Since becoming Prime Minister, Theresa May has made countless news headlines. Yet one belonging to a more controversial article did not refer to her role in politics at all. The Daily Mail’s ‘Never mind Brexit, who won Legs-it!’ headline, coupled with a photo of a meeting between Theresa May and Nicola Sturgeon, sparked outrage throughout the country for the focus on the politicians’ appearances. However, as sexist as the headline was, numerous scientific studies have actually shown a correlation between voting and the physical attributes of a candidate.
Numerous scientific studies have actually shown a correlation between voting and the physical attributes of a candidate
Physiognomy is the art of interpreting the character of a person based on their appearance, and dates back the time of the Ancient Greeks. In 2005, Alexander Todorov carried out a study to determine the affect physiognomy had in predicting the outcome of elections, focusing on the perception of competence in a candidate. Competence as was shown to be one of the top traits that people wanted in a leader, highlighted by characteristics such as a well-groomed, professional appearance. Todorov showed the participants pairs of candidates, who were runner-ups and winners of contests for places in the House and Senate (in 2000, 2002 and 2004), to roughly a thousand participants and asked them to identify the most competent looking. The information gathered showed that by using this judgement the participants correctly predicted 68.6% of the House and 74.4% of the Senate election outcomes – a much higher percentage than chance would produce.

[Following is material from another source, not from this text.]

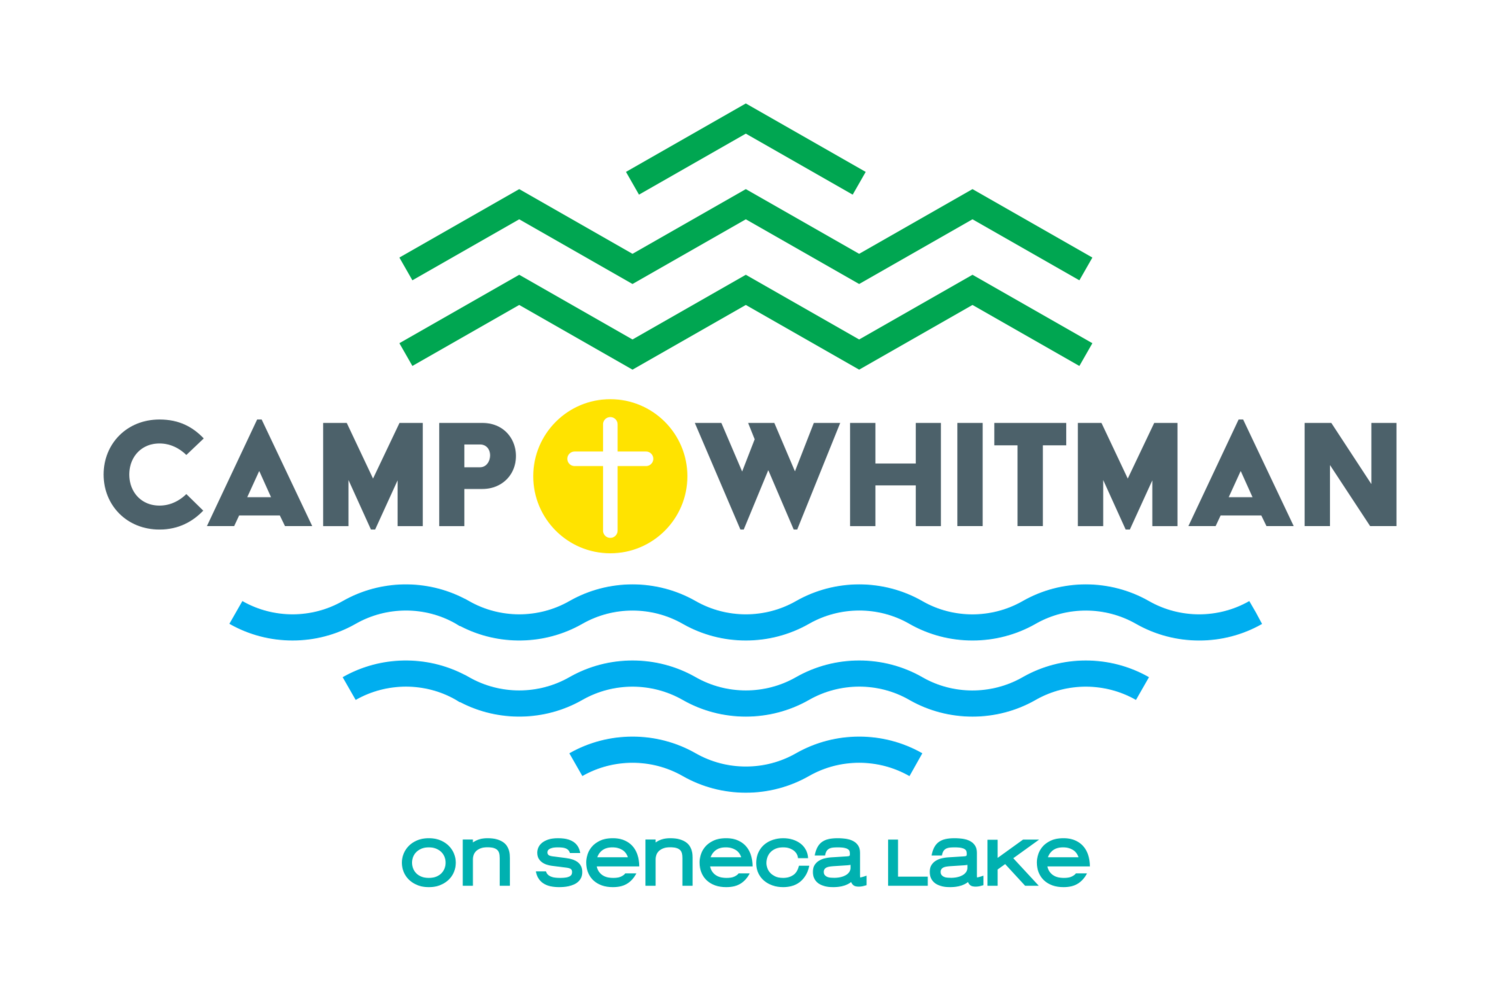 Camp Whitman on Seneca Lake

Advancing his work further, Todorov discovered that predictions were correctly made within 100 milliseconds of being shown the photos of the candidates, and the longer the participant had to look at the pictures, the less accurately they picked the winner. Todorov concluded that “rapid, unreflective judgments of competence from faces can affect voting decisions”, and it doesn’t seem unreasonable that people without a clear idea of who they want to vote for could be swayed by trivial factors such as appearance.
It doesn’t seem unreasonable that voters without a clear idea of who they want to vote for could be swayed by trivial factors such as appearance
John Antonakis and Olaf Dalgas extended Todorov’s study to include children’s responses to the competency of candidate’s faces. In their 2009 study they gave a group of children a computer game in which they had to choose a captain for a voyage from Troy to Ithaca. These captains had faces belonging to candidates from the 2002 French Parliamentary elections. The children correctly predicted 71% of the election results (almost matching the 72% result the adults had when shown the same faces) when asked to rate the ‘captains’ on how capable they appeared. Although these studies have focused on other countries, competence has also been linked to determining the outcome of elections in Denmark and Bulgaria, raising questions as to whether this could also occur in the UK.
In a time of such political uncertainty people should vote responsibly, and definitely base their decision on more than looks
In recent years, it seems our Prime Minister has wavered somewhat in attractiveness according to online surveys. David Cameron once came 10th in a countdown of the most attractive world leaders of 2015, in contrast to Theresa May who was 49th in a list of the hottest heads of state, putting her below Vladimir Putin but above Angela Merkel. Although it may not be the most attractive candidate that gives the best impression and instead the one that gives the most professional, reliable exterior, the real question is whether looks could determine the outcome of the snap election on June 8th. Science suggests that appearance may win the more competent-faced candidate a few more votes, but in a time of such political uncertainty people should vote responsibly, and definitely base their decision on more than looks.